HM Treasury intends to provide additional clarity to respondents, industry and other stakeholders but does not intend to amend the UK CRR Definitions Regulations as published in July.

Overall, HM Treasury is conscious that introducing detailed definitions or making material amendments to definitions that have a clear common usage or are widely used by industry without consultation could have adverse unintended consequences.

HM Treasury is, however, mindful of industry’s desire for certainty that holding companies do not need to continually acquire holdings.
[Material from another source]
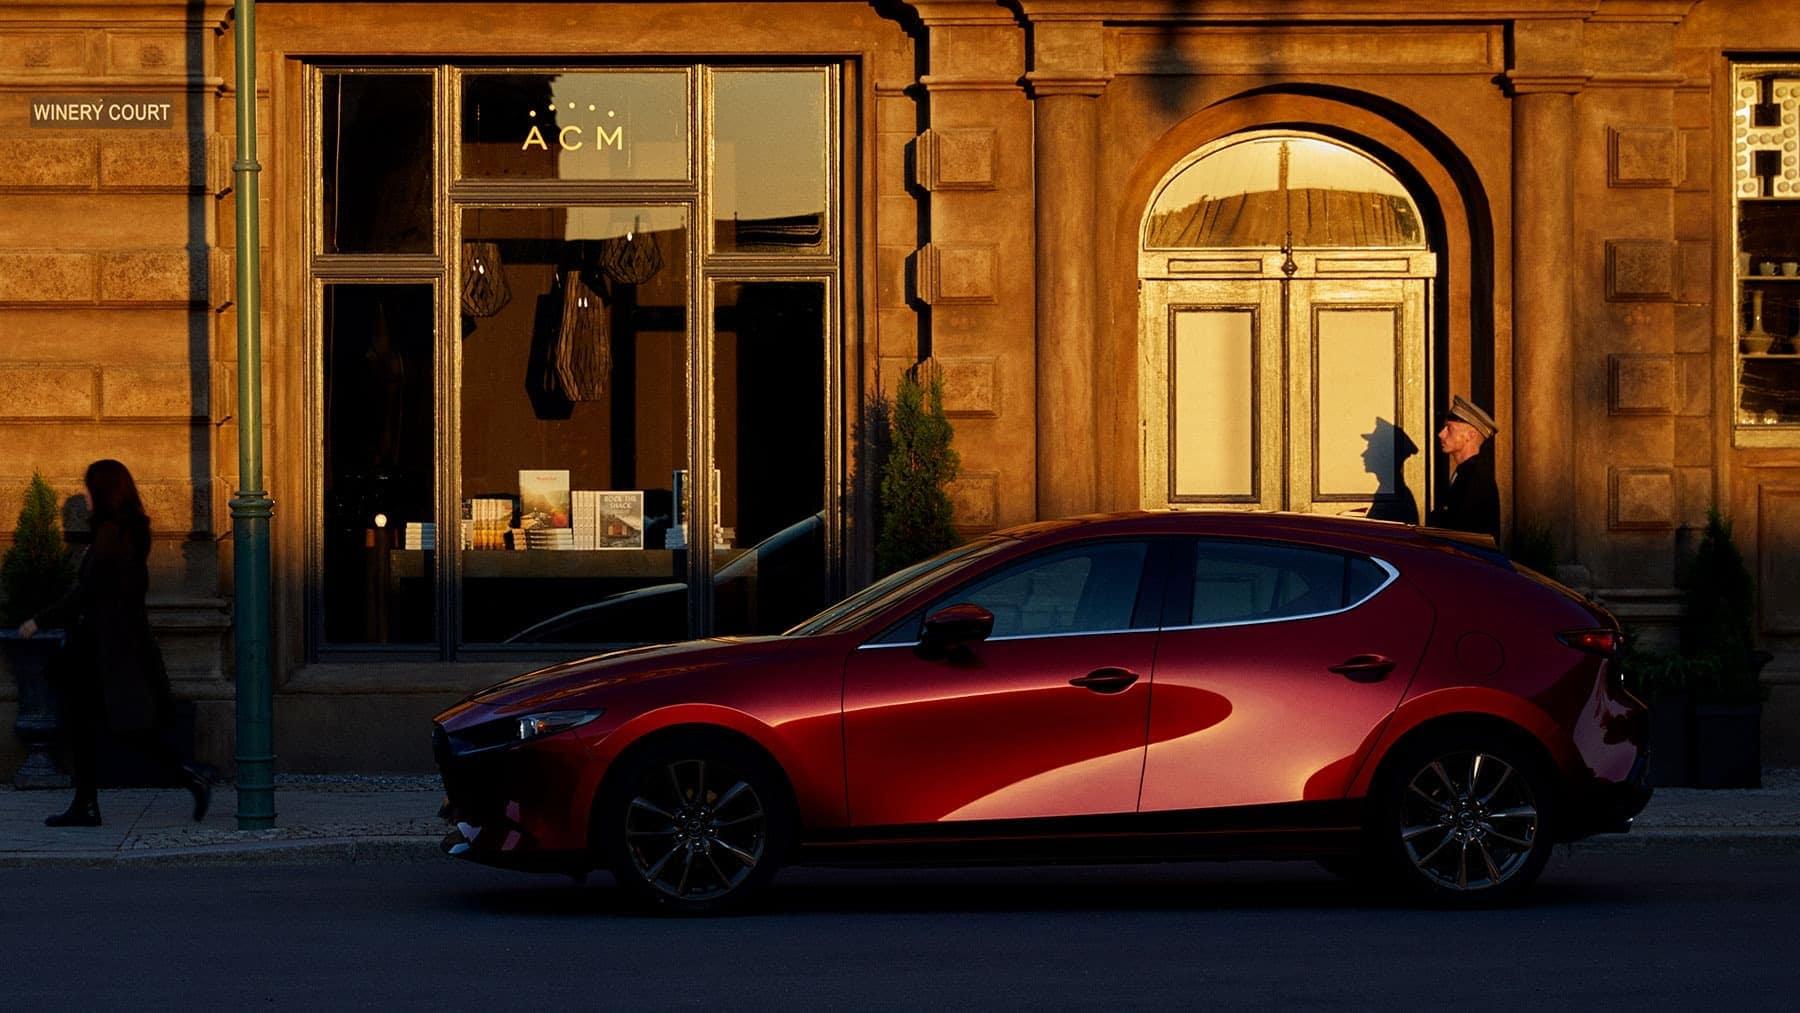 2020 Mazda Mazda3 Hatchback parked

HM Treasury intends to confirm that this is not the intended effect of the definition of ‘financial institution’ in the Explanatory Memorandum accompanying the UK CRR Definitions Regulations.

HM Treasury notes that the relevant competent authority is responsible for supervising requirements relating to group consolidation.

HM Treasury has also amended the UK CRR Definitions Regulations to update the definition of ‘securitisation’ in the Securitisation Regulations 2024 for consistency with the PRA’s Basel 3.1 rules.

The draft UK CRR Definitions Regulations that were published in July also amended the definition of “IFPR financial institution” in the Financial Services and Markets Act 2000 (Prudential Regulation of FCA Investment Firms) (Definitions for the purposes of Part 9C) Regulations 2021. HM Treasury now intends to make this amendment in a separate statutory instrument providing for consequential amendments later in 2026 due to interdependencies with wider legislation.

5. Next Steps

The government welcomes the full range of responses provided, and the suggestions to make the application of the FSMA model of regulation to the UK CRR more effective.

Alongside this Policy Update response, HM Treasury has published a draft of the UK’s Overseas Prudential Requirements Regime Regulations for technical comments. This consultation closes on 2 April 2026, and HM Treasury will take onboard that feedback, alongside the feedback provided to this update, when finalising the legislation.

HM Treasury will lay the Basel 3.1 Market Risk Transitional Provision Statutory Instrument and the UK CRR Definitions Regulations in early 2026.

HM Treasury will update the relevant legislation in light of comments received through this Policy Update. HM Treasury will then commence the appropriate revocations of the UK CRR in 2026 in sufficient time for the PRA to ensure implementation of Basel 3.1 on 1 January 2027.